It is advisable to listen to the lungs in two steps. Initially, an approximate auscultation of the entire region of the lungs on the right and left is carried out. This allows you to get information about the condition of the entire lung and the presence of any abnormalities. Next, it is necessary to listen in detail to the areas where pathological sound phenomena are noted or where changes can be assumed based on the results of examination, palpation and percussion.

When auscultating the lungs, it is necessary to first determine the nature of the main (physiological) noise, and then the presence of possible adnexal (pathological) noises.

Basic (physiological) breath sounds. Above the lungs in healthy animals, two respiratory sounds are heard: vesicular and physiological bronchial. Bronchial murmur is absent on the chest in horses and camels; its presence in these animals always indicates lung pathology.

Vesicular breathing is heard over most of the surface of the lung and can also be called alveolar, because. occurs in the alveoli of the lung as a result of the rapid straightening of their walls when air enters during inhalation and their decline during exhalation. At the same time, the walls of the alveoli come into tension and, oscillating, produce a sound characteristic of vesicular respiration.
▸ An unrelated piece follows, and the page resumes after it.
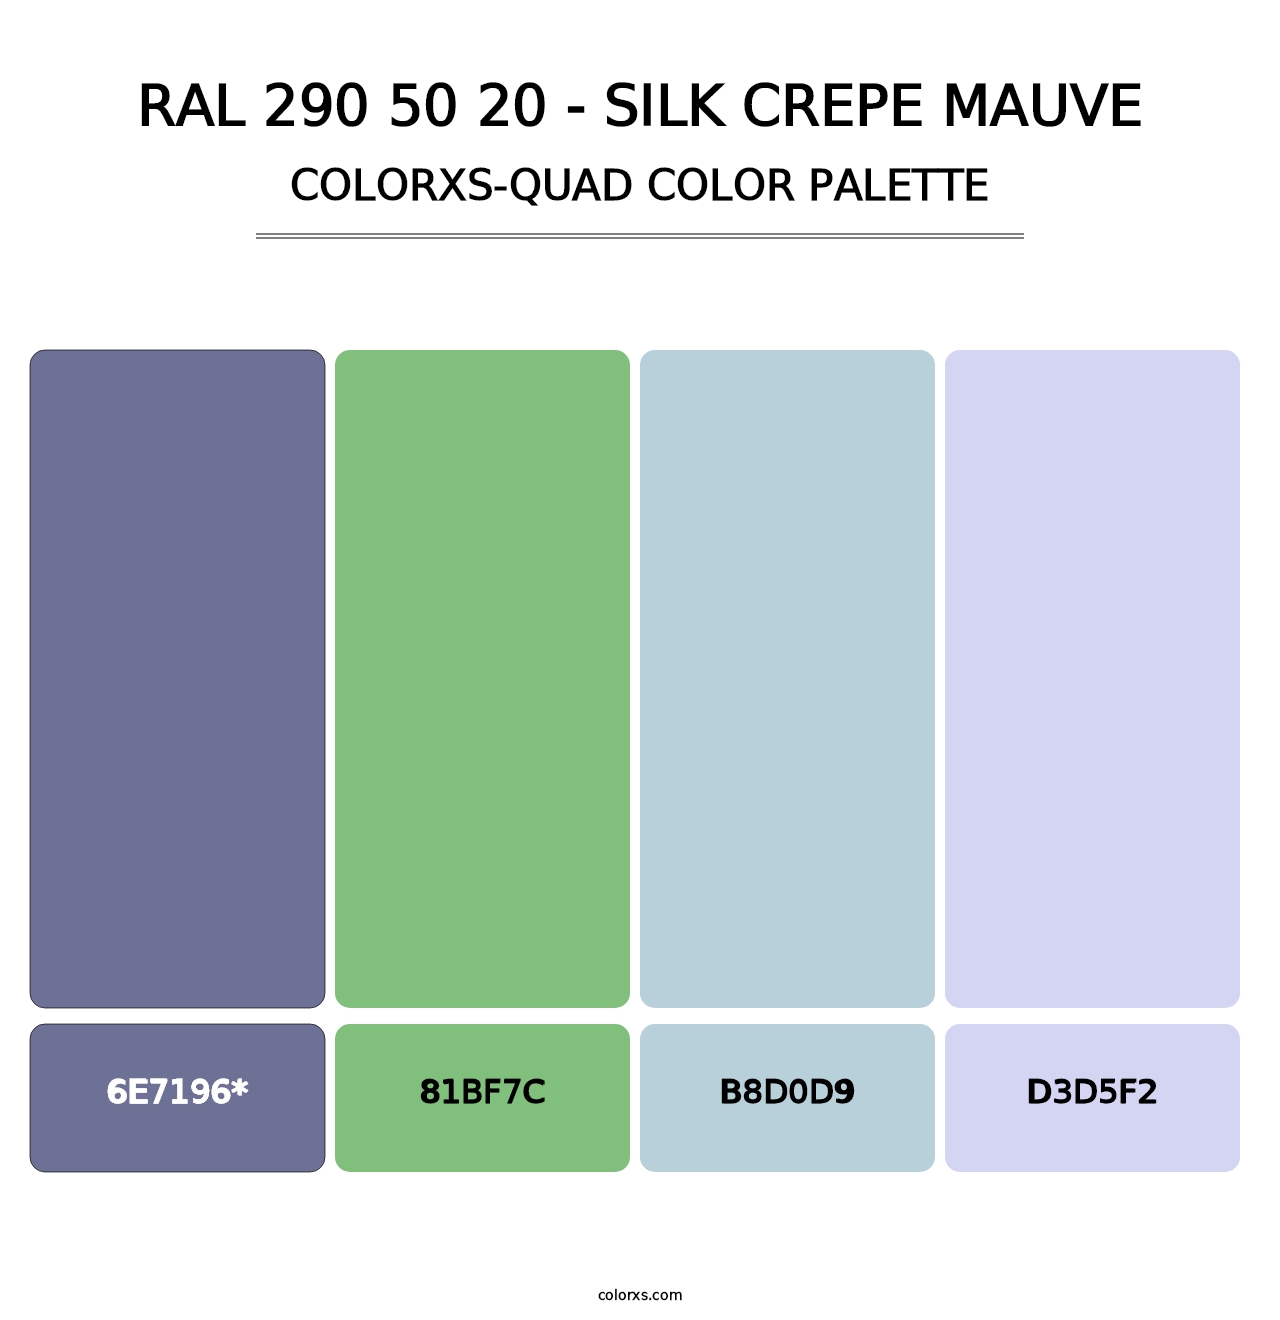 RAL 290 50 20 - Silk Crepe Mauve - Colorxs Quad Palette
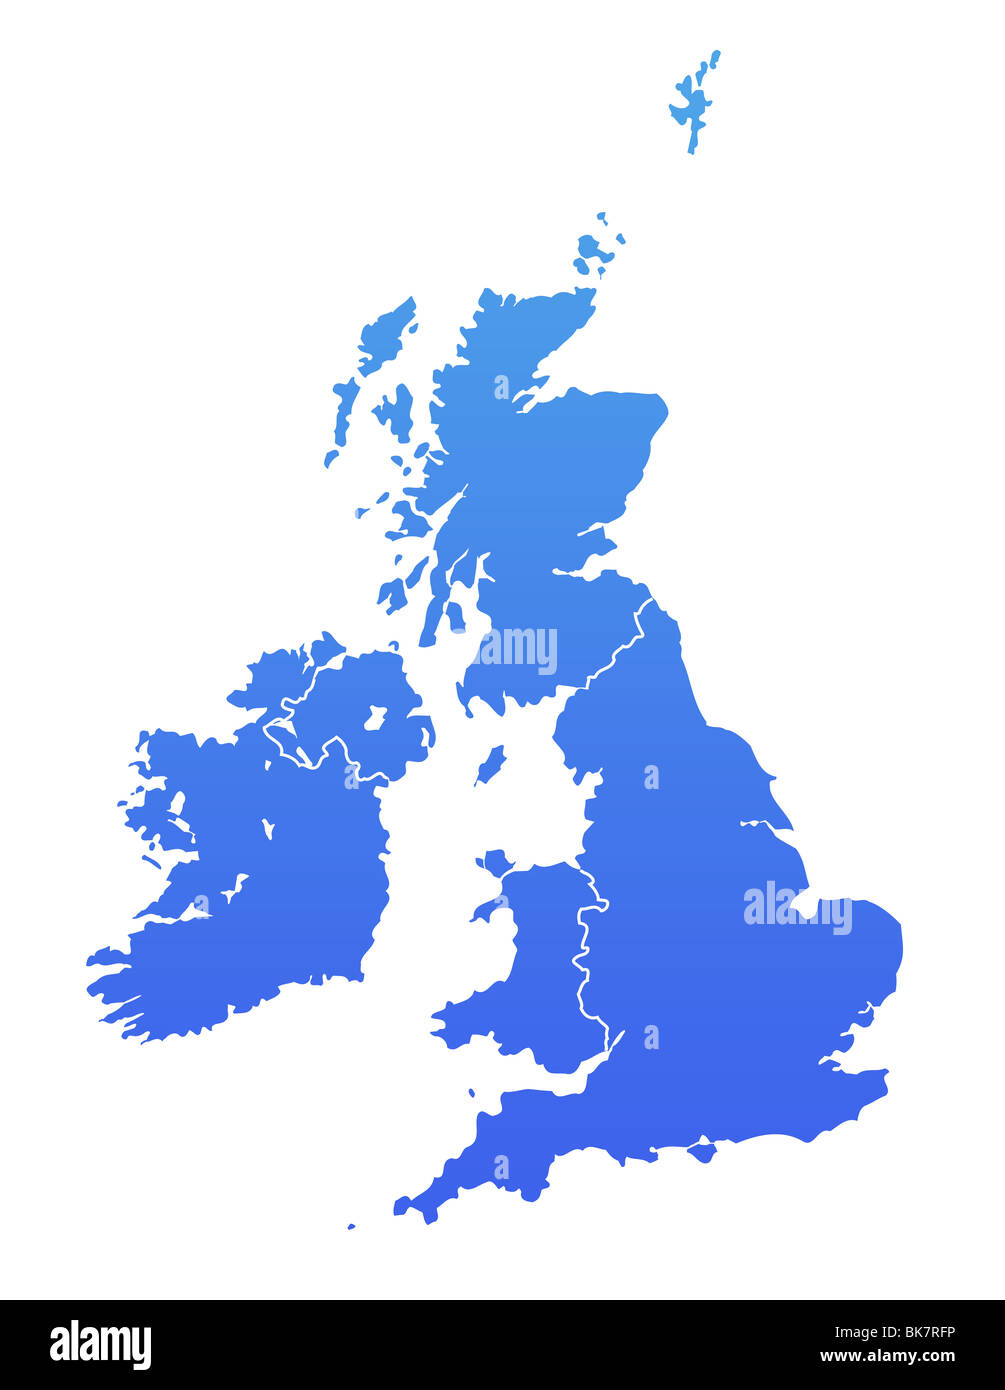 Vereinigtes Königreich-Karte im Farbverlauf blau, isoliert auf weißem Hintergrund. Stockfoto

Vesicular noise has the following features:

1. It is soft in character, reminiscent of the sound when the letter "F" is pronounced and at the same time the air is slightly drawn in.

2. It is heard throughout the entire period of inhalation and only at the beginning of exhalation. This happens because inhalation is the active phase of breathing, in which the walls of the alveoli gradually straighten out. Exhalation is passive, the walls of the alveoli quickly subside and therefore the vesicular noise is heard only at the very beginning of exhalation.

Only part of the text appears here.